Es ist daher klar, dass diese Meinung völlig unvernünftig ist: und folglich müssen wir mit anderen sagen, dass die lässliche Sünde in einem, der im Stand der Gnade stirbt, nach diesem Leben durch das Feuer des Fegefeuers vergeben wird: weil diese Strafe, insofern sie freiwillig ist, kraft der Gnade die Macht haben wird, alle solche Schuld zu sühnen, die mit der Gnade vereinbar ist. [*St. Thomas drückt sich anders aus, De Malo, Frage [7], Artikel [2], ad 9,17: „Schuld wird nicht durch Strafe vergeben, aber lässliche Sünde wird hinsichtlich ihrer Schuld im Fegefeuer kraft der Gnade vergeben, nicht nur als im Habitus existierend, sondern auch als zum Akt der Liebe in Verabscheuung der lässlichen Sünde fortschreitend.“]
Antwort auf den 1. Einwand: Die Glosse bezieht sich auf die Todsünde. Oder es kann geantwortet werden, dass, obwohl sie in diesem Leben nicht in sich selbst gebessert wird, sie in den Verdiensten gebessert wird, weil ein Mensch hier verdient hat, dass seine Bestrafung dort für ihn verdienstlich sein sollte.
Antwort auf den 2. Einwand: Die lässliche Sünde entsteht aus der Verderbnis des Zunders [fomes], der nicht mehr in der getrennten Seele sein wird, die im Fegefeuer ist, weshalb diese Seele nicht lässlich sündigen kann. Andererseits geht der Erlass der lässlichen Sünde vom Willen aus, der durch die Gnade geformt ist, welcher in der getrennten Seele im Fegefeuer sein wird. Daher hinkt der Vergleich.
Antwort auf den 3. Einwand: Lässliche Sünden ändern den Zustand eines Menschen nicht, denn sie zerstören oder vermindern weder die Liebe [caritas], nach der das Maß der gnadenhaften Güte der Seele bemessen wird.

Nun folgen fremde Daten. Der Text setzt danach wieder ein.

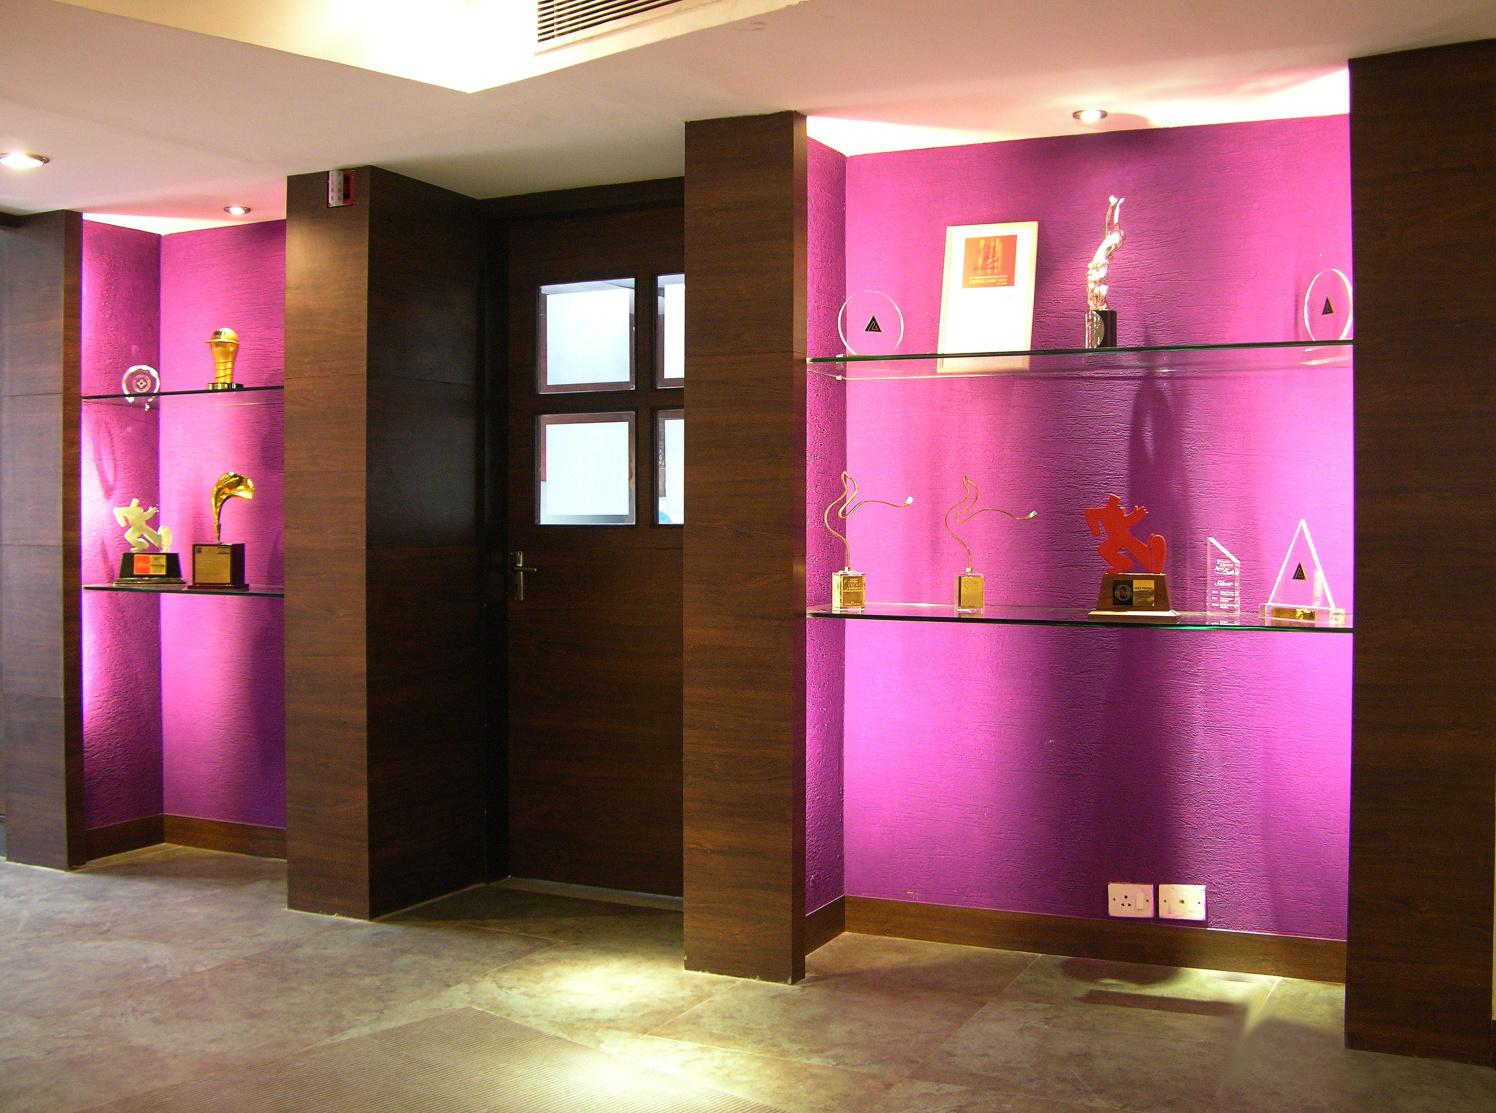 Office Reception Area by Vijay Kapur Designs Modern | Interior Design Photos & Ideas

Daher bleibt die Seele so, wie sie zuvor war, ungeachtet des Erlasses oder der Begehung lässlicher Sünden.
Antwort auf den 4. Einwand: Nach diesem Leben kann es kein Verdienst hinsichtlich des wesentlichen Lohnes geben, aber es kann eines hinsichtlich eines akzidentellen Lohnes geben, solange der Mensch in gewissem Sinne im Stand des Pilgers verbleibt. Folglich kann es im Fegefeuer einen verdienstlichen Akt hinsichtlich des Erlasses der lässlichen Sünde geben.
Antwort auf den 5. Einwand: Obwohl die lässliche Sünde aus der Neigung des Zunders [fomes] entsteht, resultiert die Sünde im Geist; weshalb, selbst wenn der Zunder nicht mehr ist, die Sünde noch verbleiben kann.